Meta-analysis of cancer trials: a new approach to the assessment of treatment.
Anticancer Res
; 7(5B): 955-8, 1987.
Article
em En
| MEDLINE
| ID: mdl-3324939
Meta-analysis of clinical trials offers the opportunity to pool results from a number of randomised studies so increasing the statistical ability to detect the value of treatment. More accurate estimates of the likely size of such effects can also be obtained. Subset analysis, which is seldom reliable in individual clinical trials, can be made more trustworthy. Meta-analysis of randomised trials of adjuvant therapy in early breast cancer illustrates the value of such analyses.
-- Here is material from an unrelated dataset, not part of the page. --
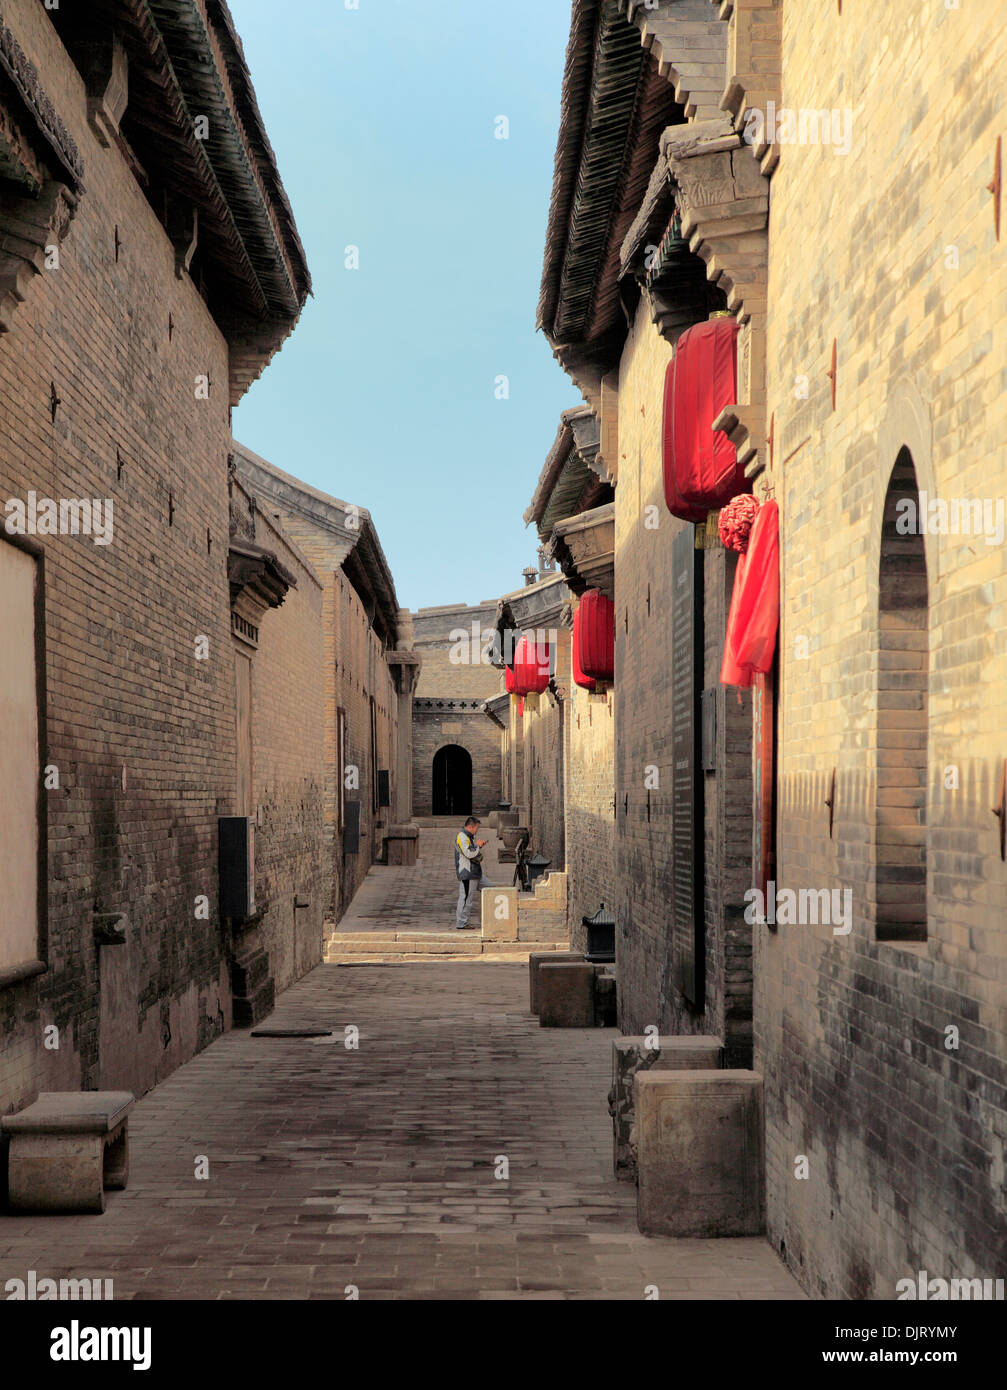 Street dans la vieille ville, Pingyao, Shanxi, Chine Banque D'Images
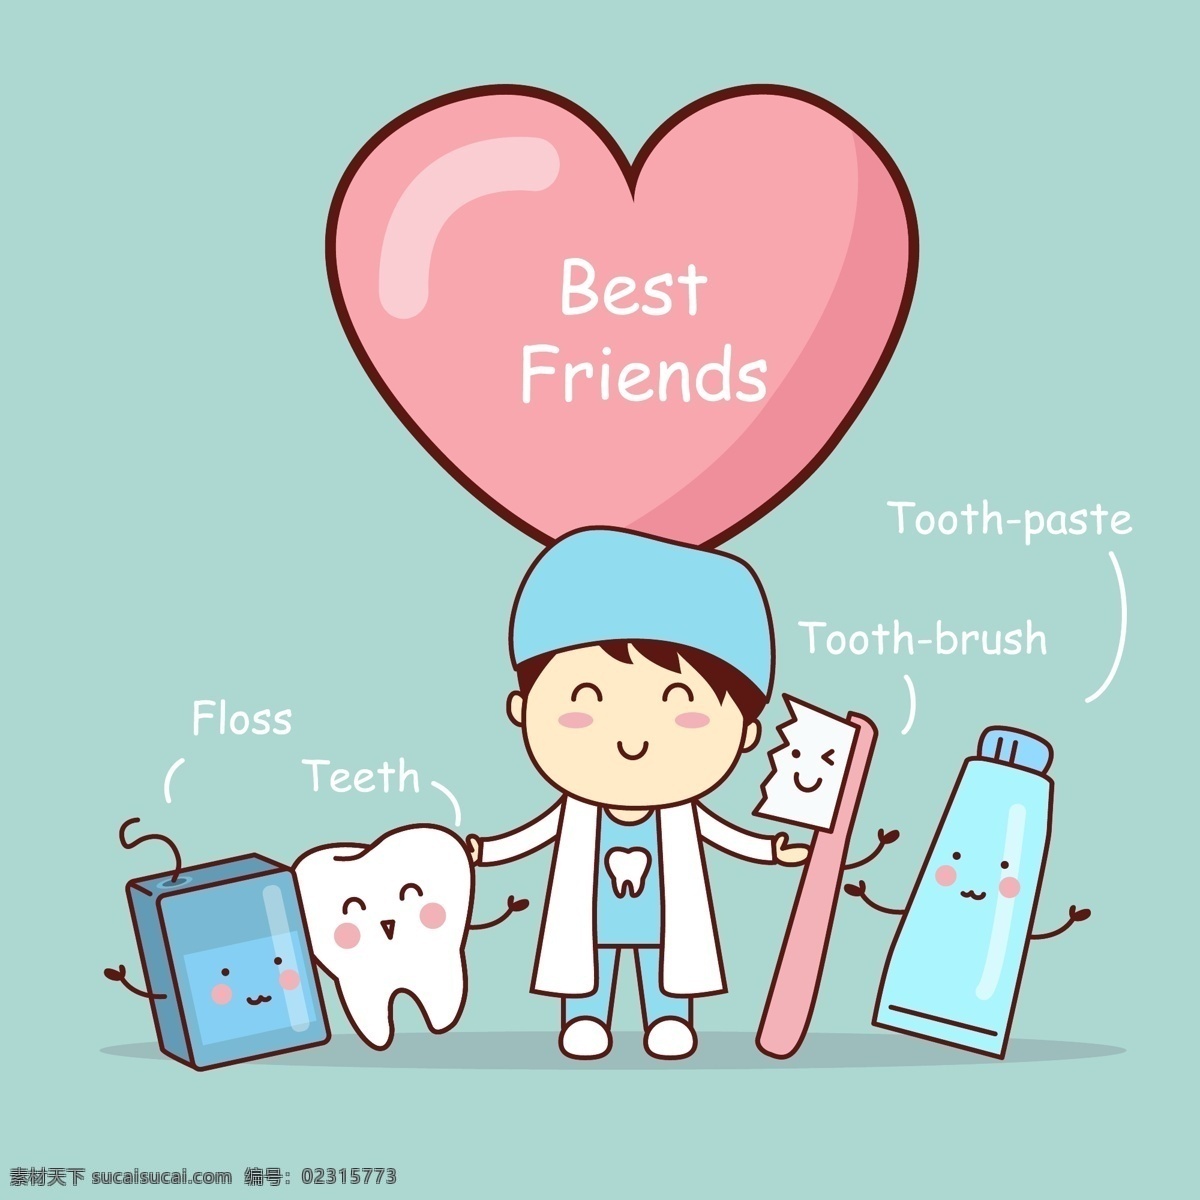 爱护 牙齿 卡通 可爱 小 扁平 画 矢量 医生 护士 健康 教育 广告 平面 人物 动画 动漫 插画 牙刷 牙膏

These have helped not only routine clinical practice but also thrown light upon biological mechanisms and directed future research. Meta-analyses or overviews are playing an increasingly prominent role in cancer research. They offer the opportunity to maximise the use of information about a given treatment by combining the results from multiple randomised trials in a meaningful way. Whilst data from studies examining the same issue cannot simply be combined (due to trial heterogeneity), summation of the treatment effect across trials can be performed. It is reasonably assumed that differences between studies are differences in magnitude rather than differences in direction. The net result of such a process is to produce a result which is more accurate in its estimate of treatment benefit than its component parts.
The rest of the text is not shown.